Even if you are an adult, the death of your parent can prove emotionally overwhelming in addition to being a significant financial burden. Even if you are self-sufficient, you are likely to find yourself overwhelmed by your parents’ debt and funeral expenses. You may find yourself looking for an opportunity to make up for the lost productivity while grieving.
Therefore, taking out life insurance for people over 60 is a major financial decision. The steps to take when making this valuable financial decision include:
Discuss your intentions with your parents
Take the time to talk with your parents about your intentions for purchasing insurance. Some of the states expect the children to receive consent before taking out an insurance policy for their parents. Even where this is not required by the law, it is important to receive the knowledge and support of the parent to ensure the entire process moves smoothly.
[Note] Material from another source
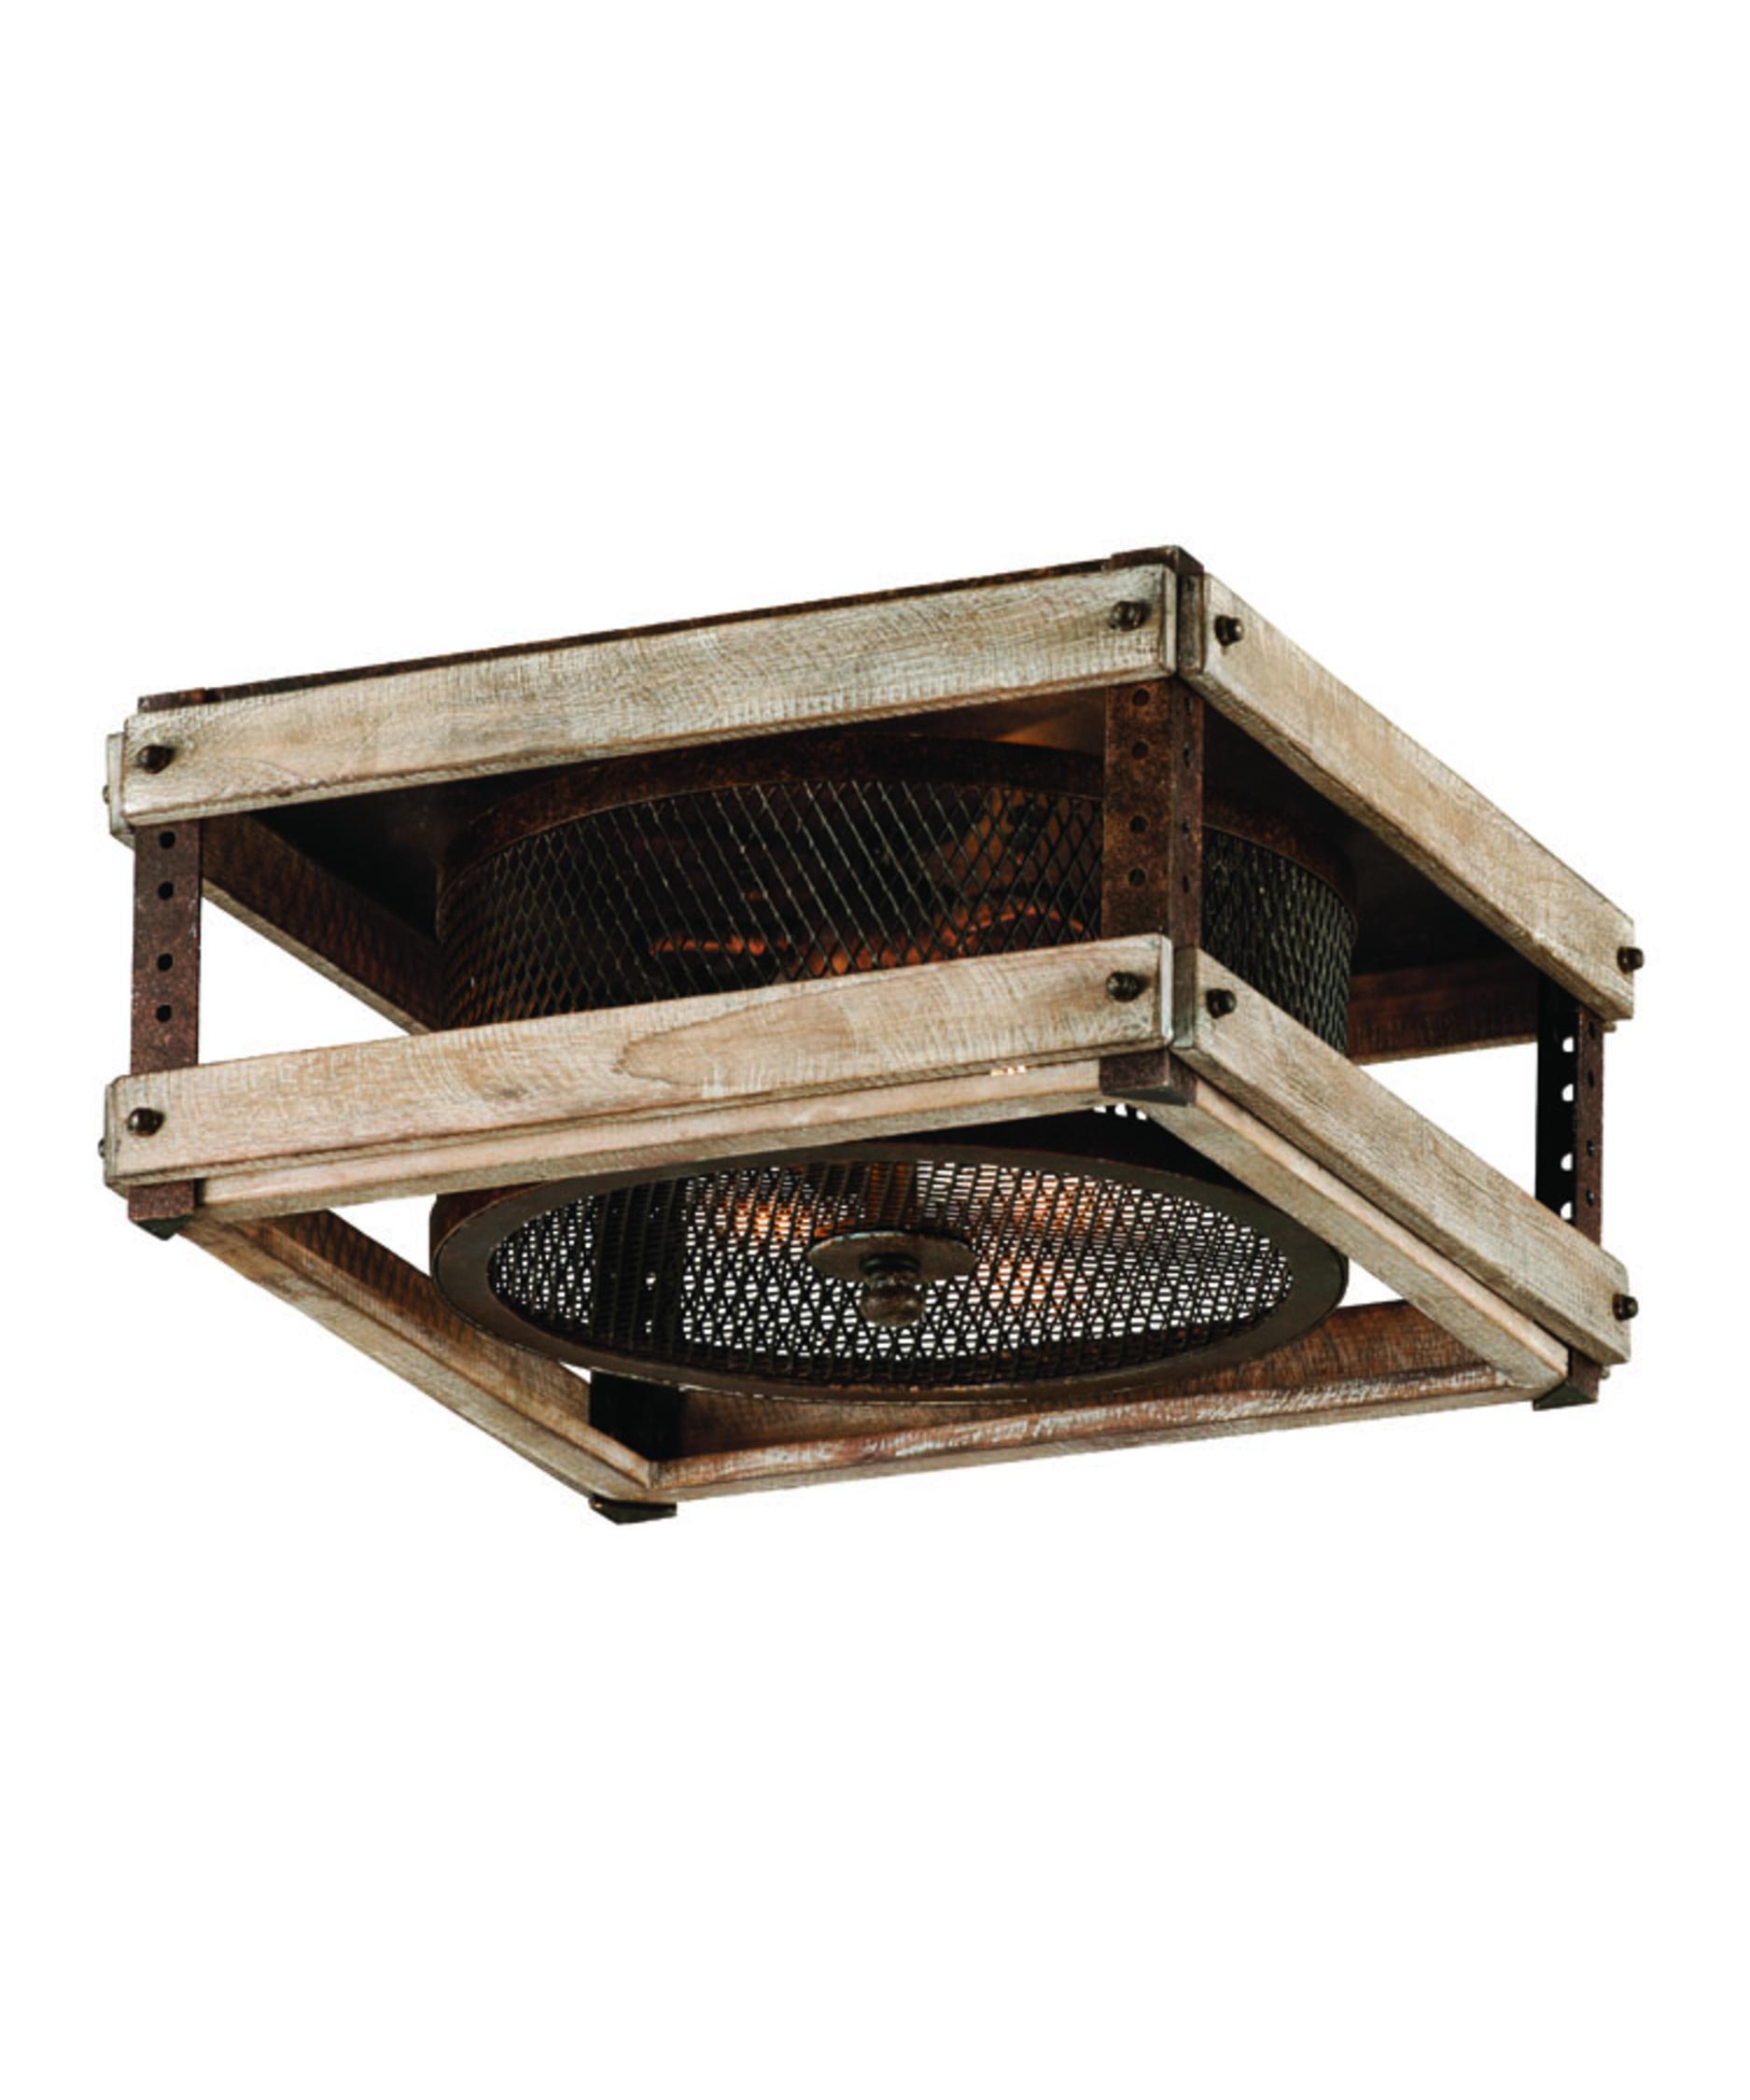 troy lighting c4060 merchant street flush mount | capitol lighting
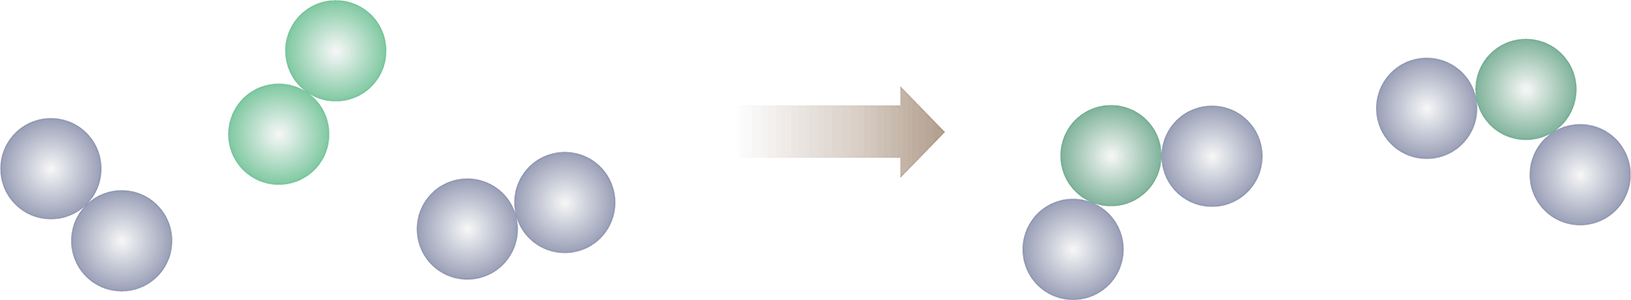 balanced equation particle diagram

Gather information for the policy
Next, you need to work with your parents to gather the necessary information that you will require to apply for the policy. Some of this information includes the Social Security number, basic contact information, contact information for their doctors, driver’s license number and the general medical history. The insurance company to facilitate insurance quotes will use this information.
Determine the cost
You need to evaluate your finances as well as that of your parents to determine how much coverage to take out. For parents who have a large debt, you can consider taking up a policy that adequately covers the debt. Furthermore, you can opt for a policy that is about twice the amount that you are likely to spend on the funeral and burial. This will make sure the funeral is properly covered into the future while some money will be left to assist the family with other related expenses.
Choose the right policy
You need to decide between whole life and term insurance. The whole life policy offers benefits for the entire life of the policyholder while the term insurance covers the parents over a set period. If your budget is limited, you can consider applying for the term insurance. However, older parents above the age of 60 and who have medical problems may discover the whole life policy is less expensive.
Meet with the company’s representatives
Meet with Behr Life Insurance Agency with your parents. In each of these cases, you stand to qualify for multiple discounts – shop between the companies to discover the best deals.
Bring documents to the parents for signing
Bring the necessary documents that require signing to the parents. The medical information forms, for example, will require the signature of the parent, even where you are paying for the policy and taking responsibility.